Canada News
B.C. terror suspect initially unsure about targeting legislature in attack
VANCOUVER — A British Columbia terrorism suspect was skeptical the provincial legislature was the best place to target with pressure-cooker bombs on Canada Day, but he appeared to change his mind after touring the area with an undercover RCMP officer, his trial heard Thursday.
The trial for John Nuttall and his wife Amanda Korody listened to an audio recording in which Nuttall worries there will be no one at the legislature to be killed if they detonated their homemade bombs at around 9 or 10 a.m. on July 1, 2013.
But Nuttall becomes more enthusiastic after the undercover officer shows him bushes where the bombs could be hidden and his wife assures him the attack will send a political message.
“That’s the capital building, that’s the legislature. OK?” says Nuttall. “You destroy that, it’s the same as destroying the White House. It’s the equivalent of Canada’s White House.”
The exchange took place on the evening of June 30 and was captured by a recording device worn by the officer, who was posing as an Arab businessman.
In the recording, the officer drives the couple around downtown Victoria as they check out potential targets, including banks and apartment buildings.
At one point, Nuttall suggests planting the bombs near an office building.
“At nine o’clock in the morning, everyone’ll be there for work,” he says. “Kind of like the World Trade Centre, you know? Everyone had just gotten to work.”

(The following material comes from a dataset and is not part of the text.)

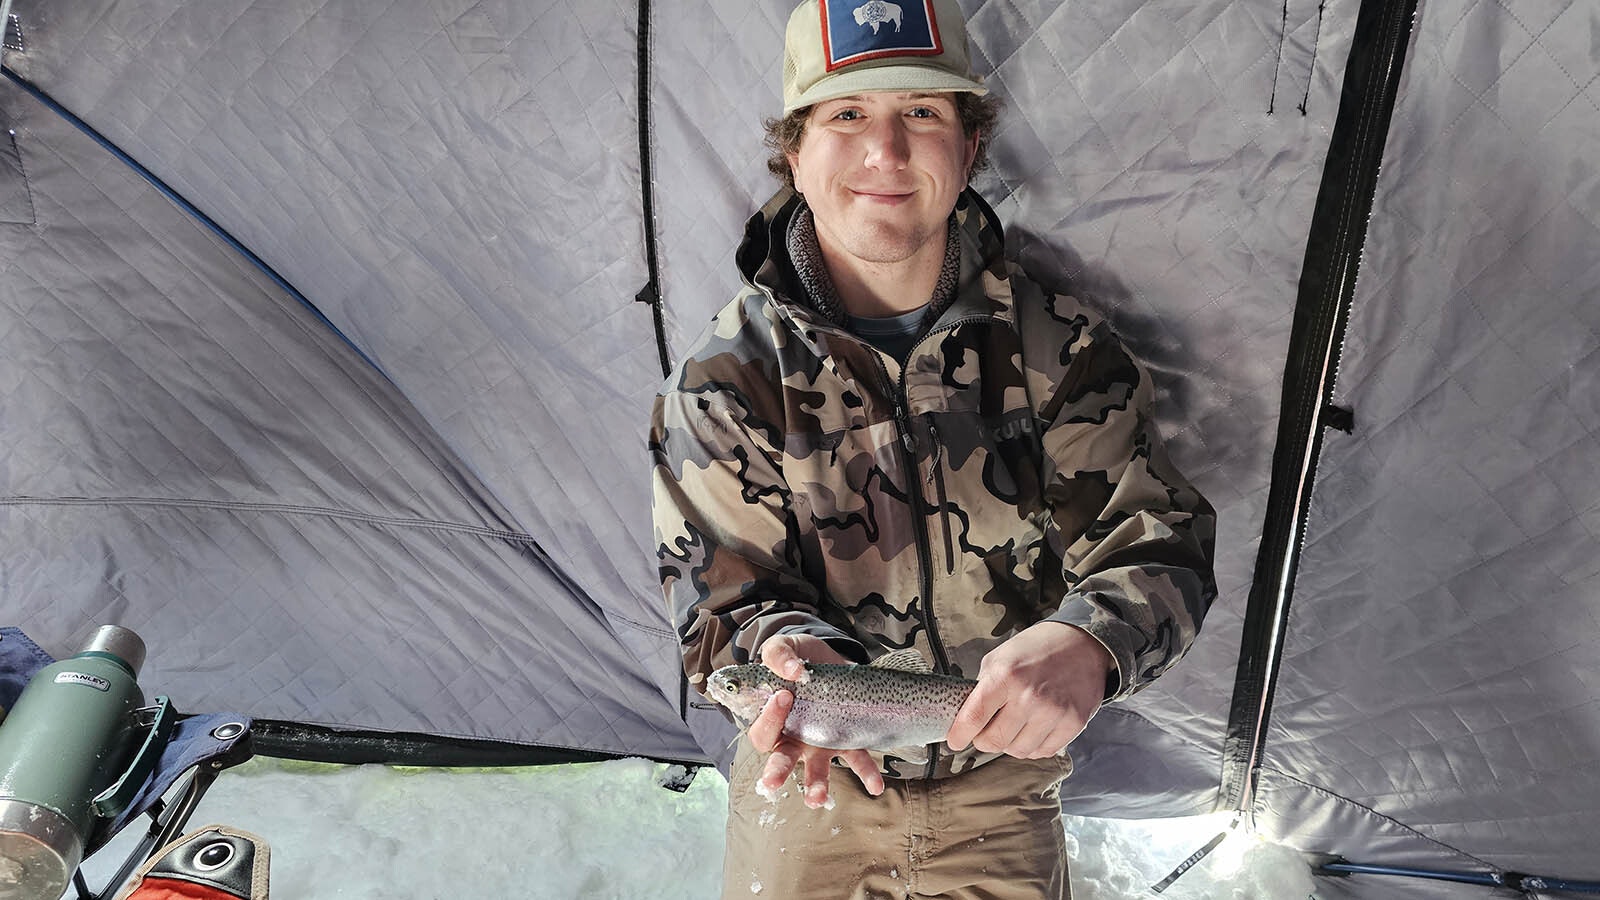 The trout that didn't get away, held by ice fishing guide Isaac Jones from Mississippi.
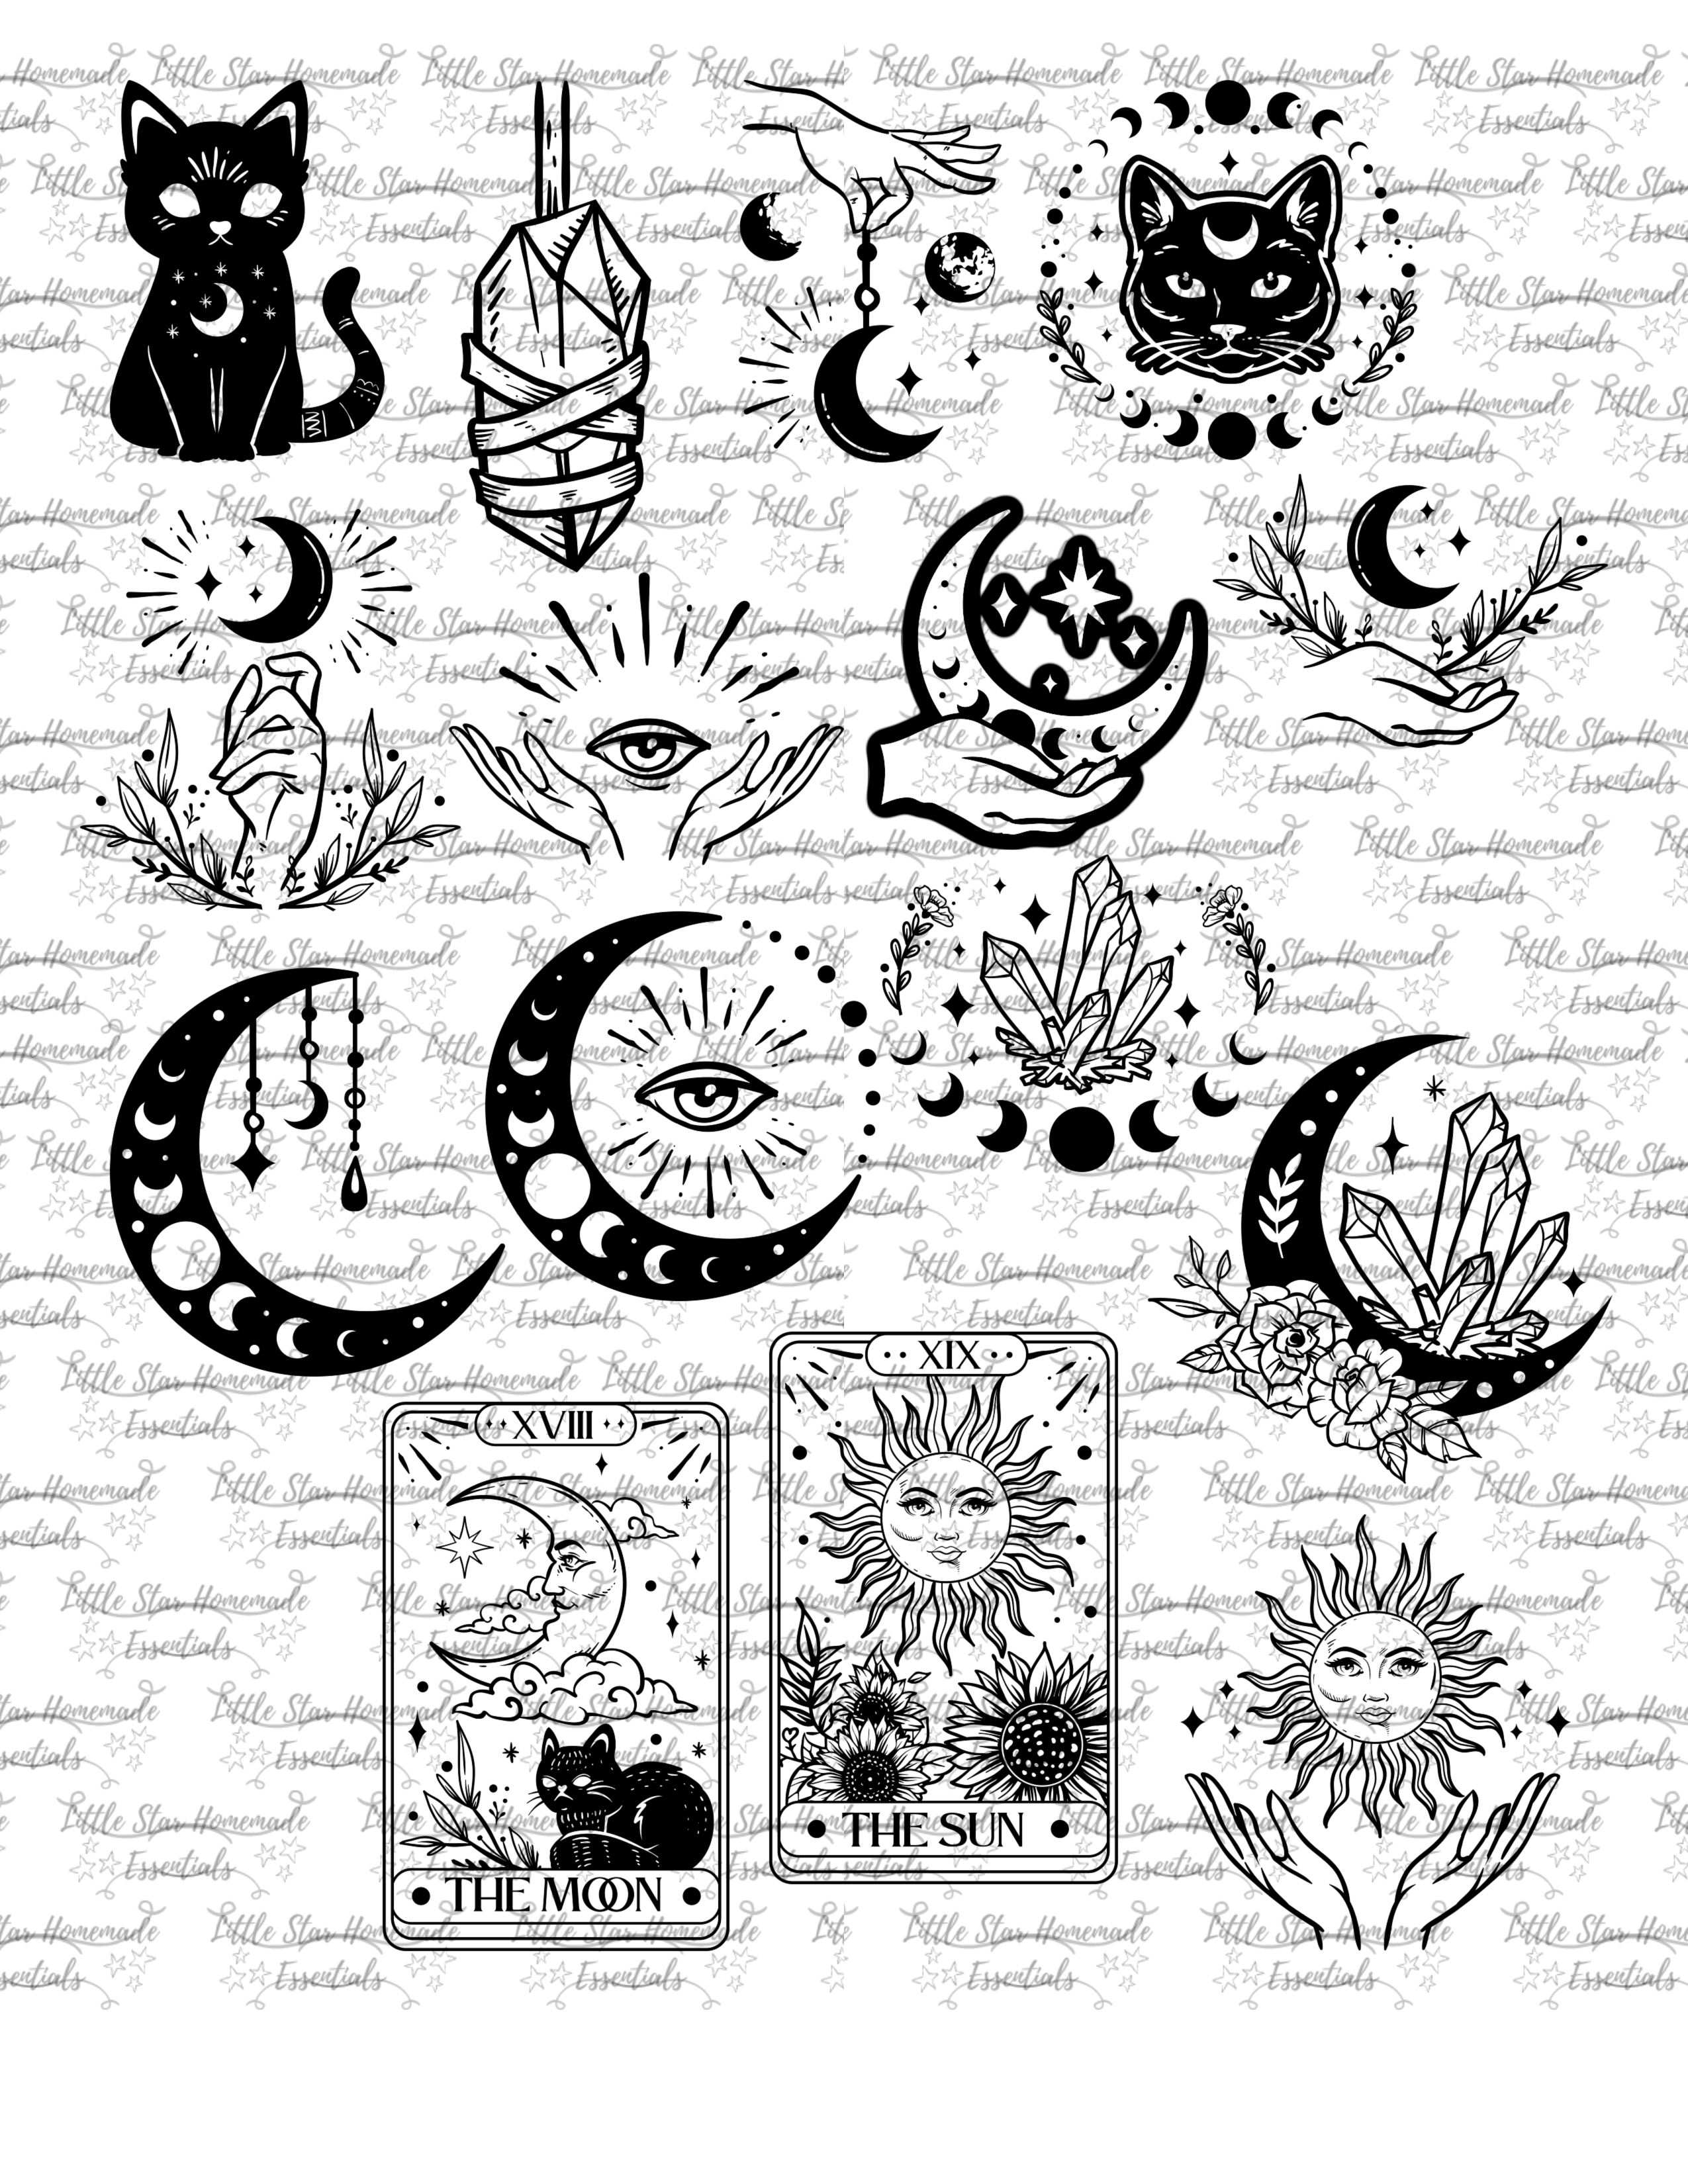 Celestial Rituals ✧ Sticker Sheet ☾ — Lace & Whimsy

“Don’t forget, tomorrow there is no work,” the officer reminds him. “It’s Canada Day. That’s why you chose to do it on Canada Day.”
Frustrated, Nuttall says he wishes they could postpone by two days to spend more time check out locations. But the group pushes on, and eventually Nuttall suggests they drive toward the legislature lawn.
He says the couple’s original plan was to detonate bombs on the lawn at night, when he estimated tens of thousands of people would be gathered to watch the Canada Day fireworks.
But the pair had since abandoned that plan, instead scrawling a list of downtown Victoria locations on a notepad.
Nuttall and his wife had recently assembled the pressure-cooker bombs in a Vancouver-area motel room, before being introduced to another officer who said he had access to C-4 explosives.
The undercover officer posing as an Arab businessman had told the couple he stuffed the C-4 inside the bombs and arranged timers to go off a few hours after they are planted at 5 a.m. on July 1.
When Nuttall says no one will be outside the legislature in the morning, the officer notes there is a pancake breakfast scheduled.
“That’s like old senior citizens and stuff,” Nuttall complains. “Nobody goes to the pancake breakfast.”
The Mountie then shows Nuttall some bushes on the front lawn where the bombs could be hidden.
The Crown has previously said the bombs were rendered inert and would not have exploded.
Nuttall asks his wife what message they will send if they attack the legislature.
“That people want to destroy the government,” she replies.
He begins to embrace the idea, saying that people will talk about the attack “forever.”
“Books will be written about it. OK?” says Nuttall.
Nuttall later decides that he wants to place the bombs in bushes that are directly against the walls of the legislature, rather than the ones on the front lawn the Mountie had suggested.
After making a trip to Wal-Mart to buy dark-coloured hoodies, the group heads back to the legislature to check out the targets again.
Nuttall says his priority now is to destroy the building.
“If we were doing this at night time, then I would (place them on the lawn), because then I would get maximum kills,” he says.
“But… people will be more sympathetic to the Muslim plight if we just attacked the government and not the people.”
Both Nuttall and Korody have pleaded not guilty to four terrorism-related charges.